A hare and a tortoise have a race along a circle of 100 yards diameter. The tortoise goes in one direction and the hare in the other. The hare starts after the tortoise has covered 1/5 of its distance and that too leisurely. The hare and tortoise meet when the hare has covered only 1/8 of the distance.
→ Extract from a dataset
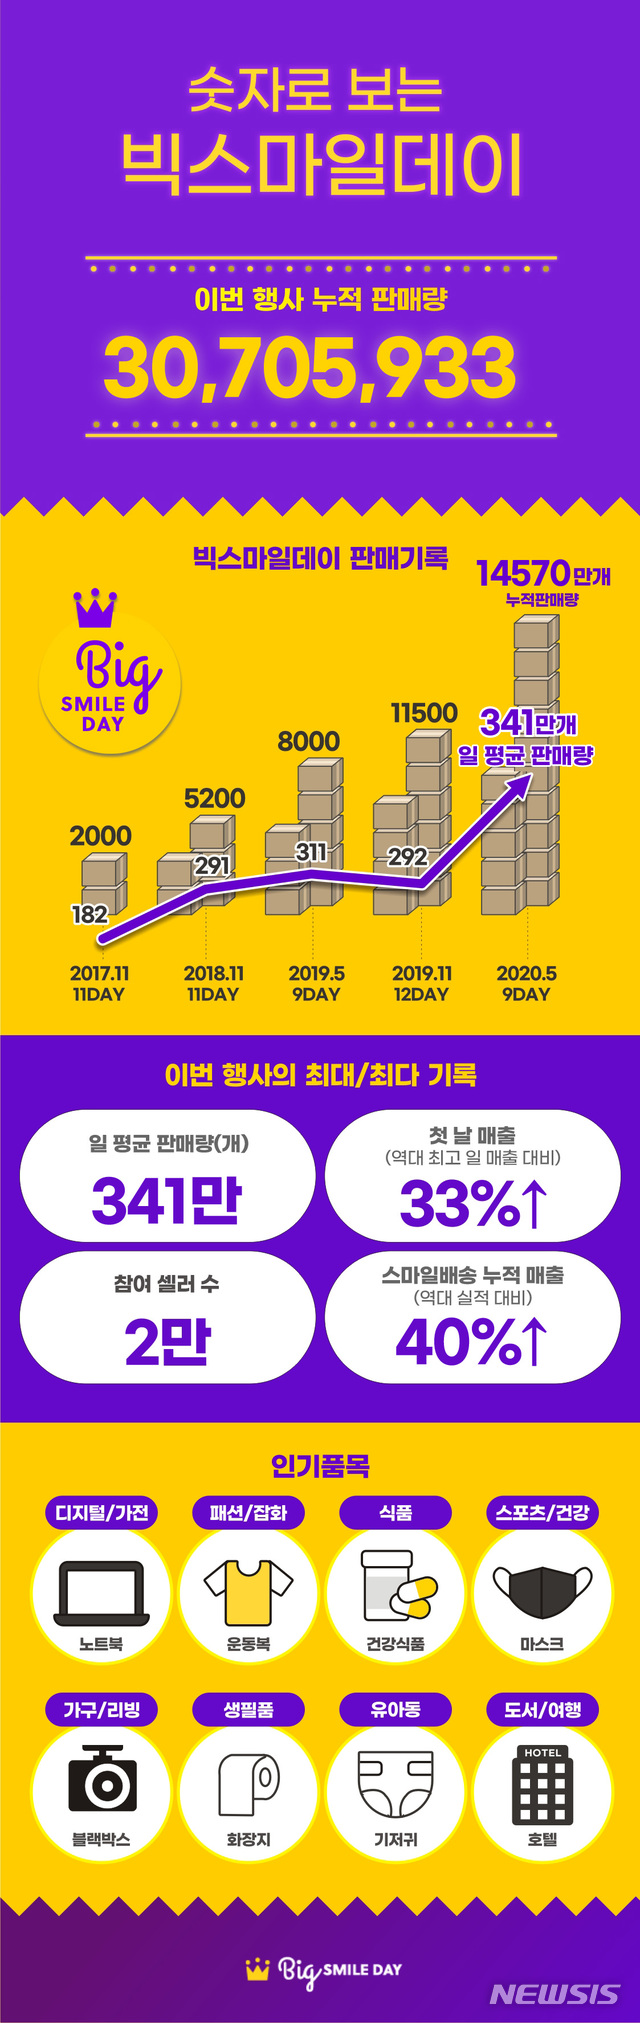 [서울=뉴시스] 이베이코리아는 지난 5월 빅스마일데이에 9일간 매일 341만개씩 판매해 누적 판매량 3070만개를 넘어섰다. (인포그래픽=이베이코리아 제공)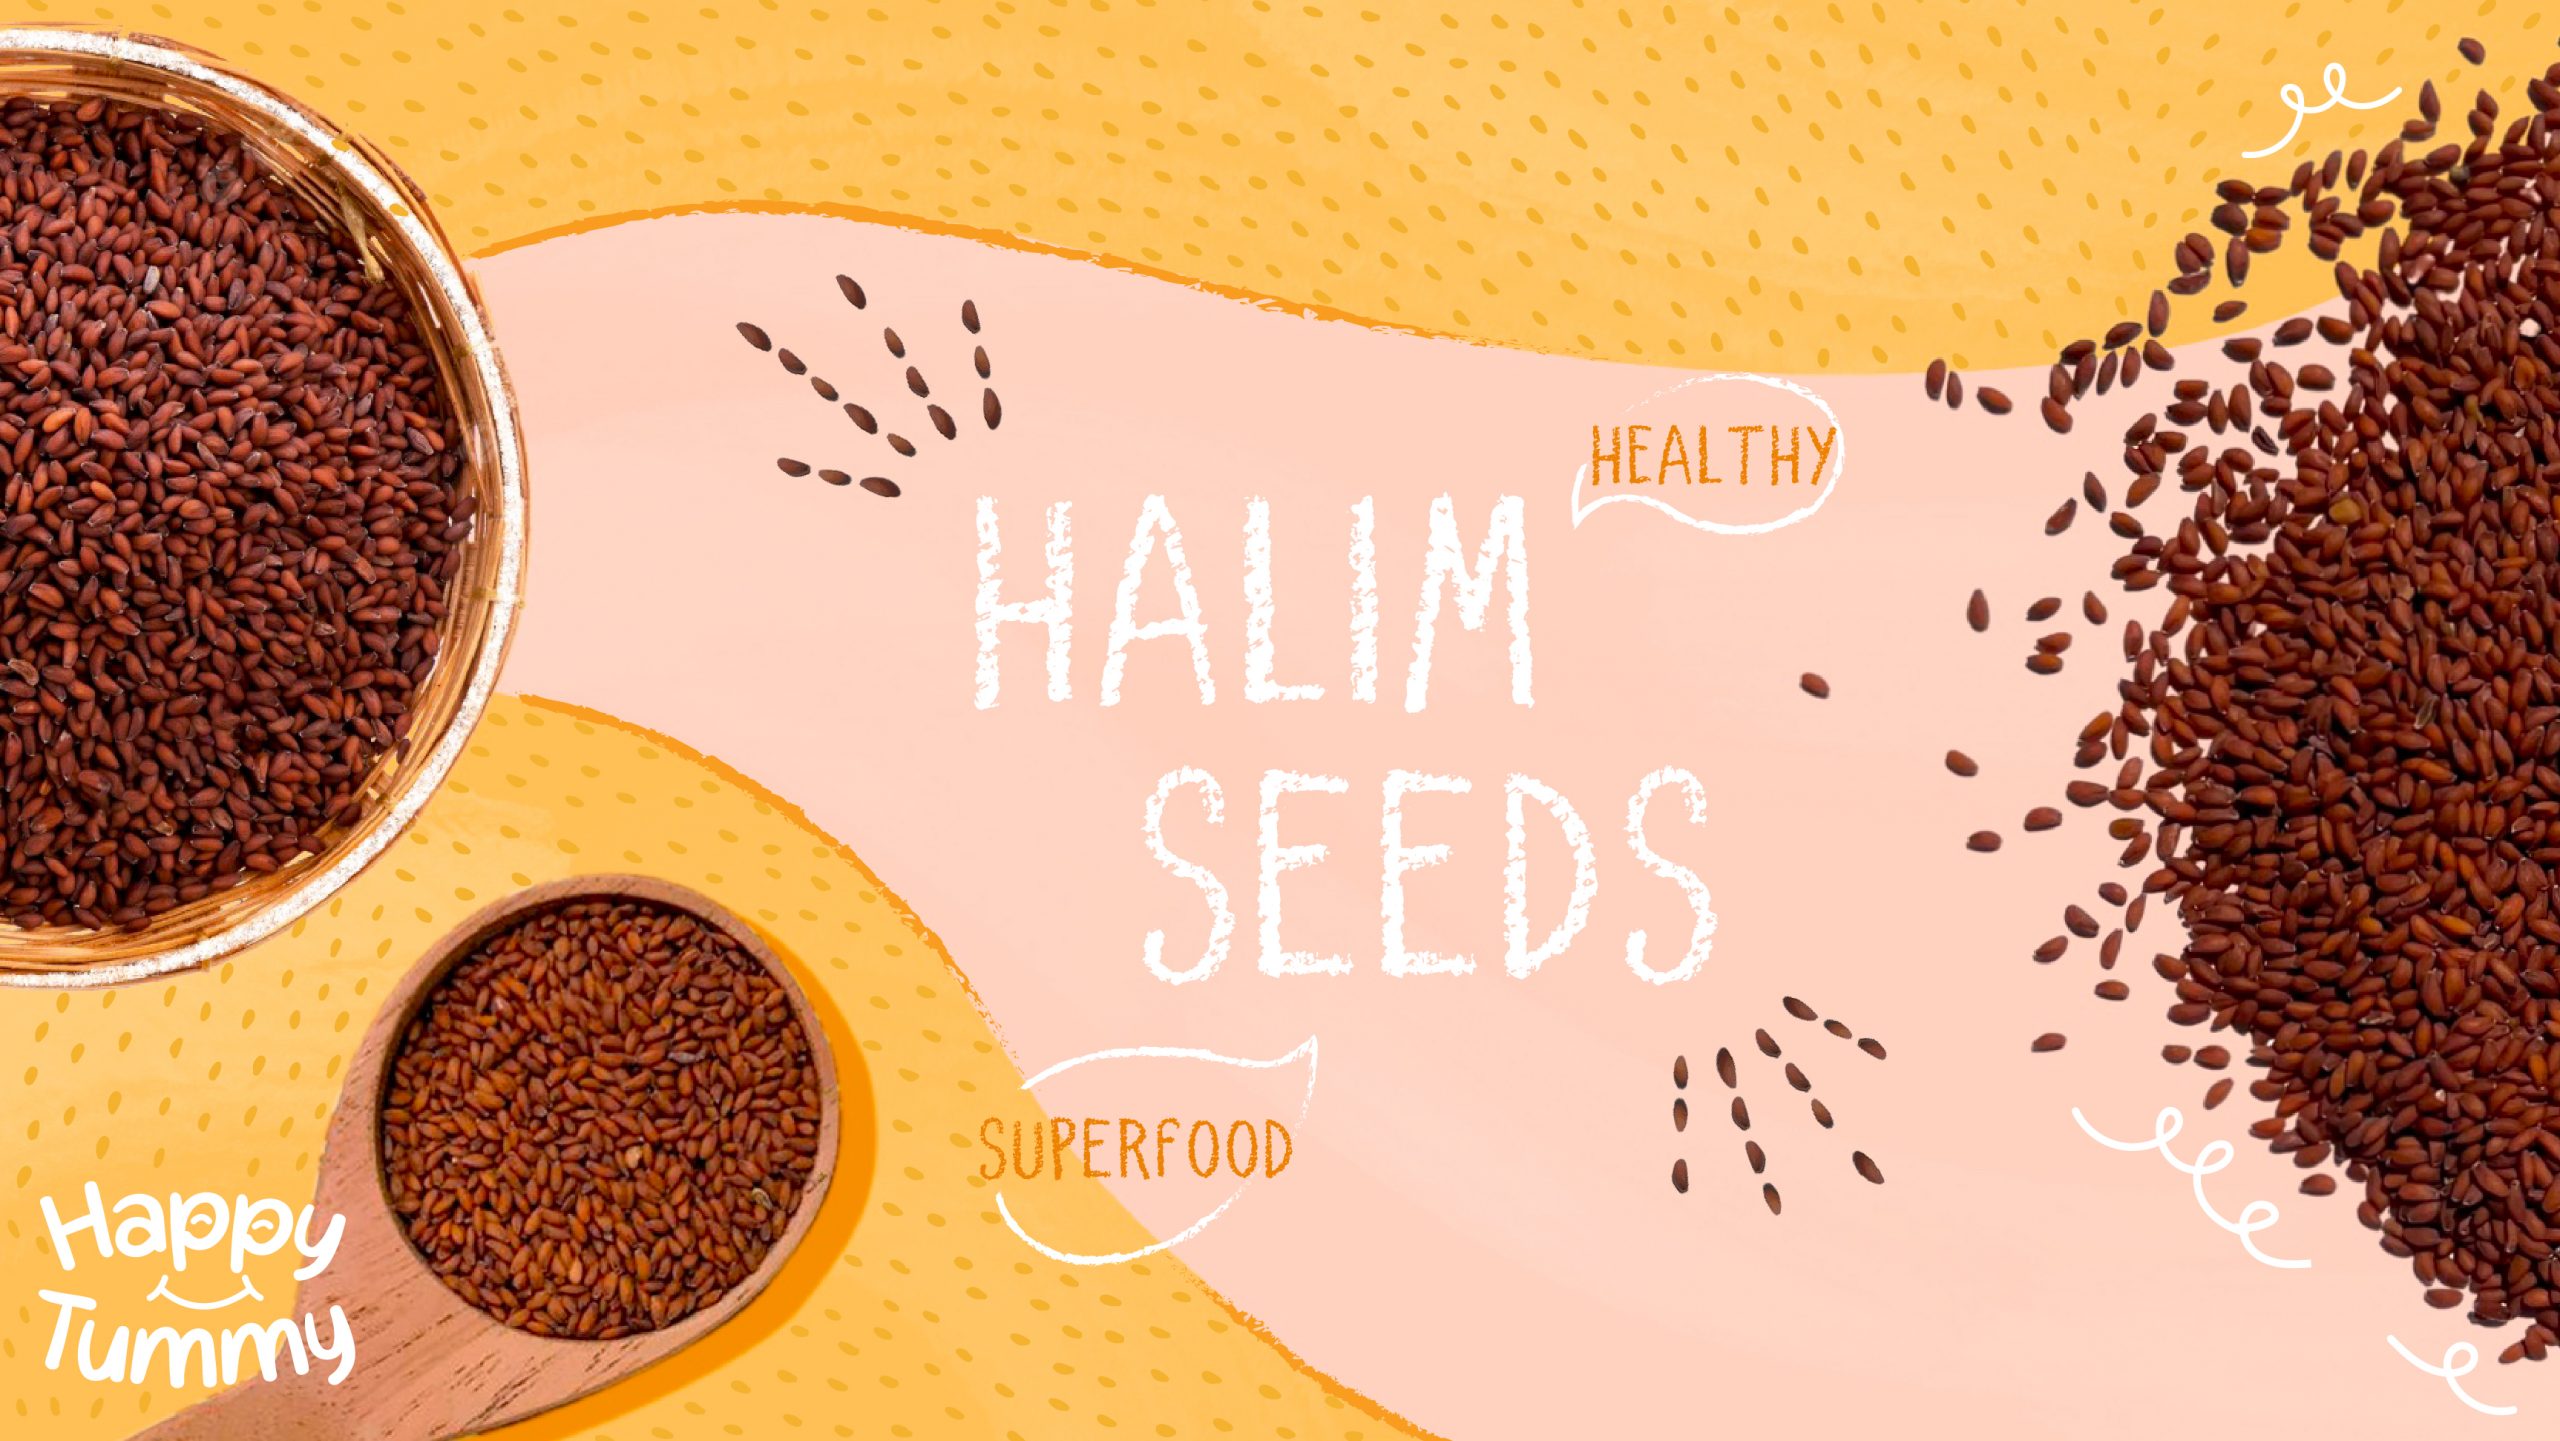 Top 10 Health Benefits Of Eating Halim Seeds

By what factor should the hare increase its speed so as to tie the race?
Answers
Answer:
(37.8 ) times speed of Original Speed
Explanation:
Let say Distance = X Yard = (2 π * 100/2) = 100 π Yard
let say Tortoise Speed = T Yard/sec
& Hare Speed = H Yard/Sec
Time taken to complete circle by Tortoise = X/T sec
Time taken to complete 1/5 of its distance = X/5T
Hare & Tortoise meet when Hare covered 1/8 of Distance = X/8
Time Taken by Hare = X/8H
Distance Covered by Tortoise in such Time = X - X/8 - X/5
= 27X/40
Time taken by Tortoise for 27X/40 = 27X/40T sec
27X/40T = X/8H
=> H = 5T/27
Now Distnace to be covered by Tortoise = X/8
Time taken by Tortoise = X/8T
Distance to be Covered by Hare = 7X/8
With in time frame of X/8T
Speed required = (7X/8)/(X/8T) = 7T
7T/(5T/27) = 189/5 (37.8 ) times speed of Original Speed
Increase in speed = 7T - (5T/27) = 184T/27 =
% increased in speed = (184T/27)/(5T/27) * 100 = 3680 %
Explanation:
Total circumfrance = pie*diameter
tortoise has covered = 25pie
remaining distance = 75 pie
1/8th of total distance = 12.5 pie
let the velocity of tortoise = u and that of hare =v
on time comparison we get
62.5 pie/u = 12.5 pie/v
5v=u so v=u/5
now for remaining journey time taken by tortoise = 12.5 pie/u
so velocity of hare to make a tie = 7*12.5 pie u / 12.5 pie
=7u
so 7u/u/5 = 35 times answer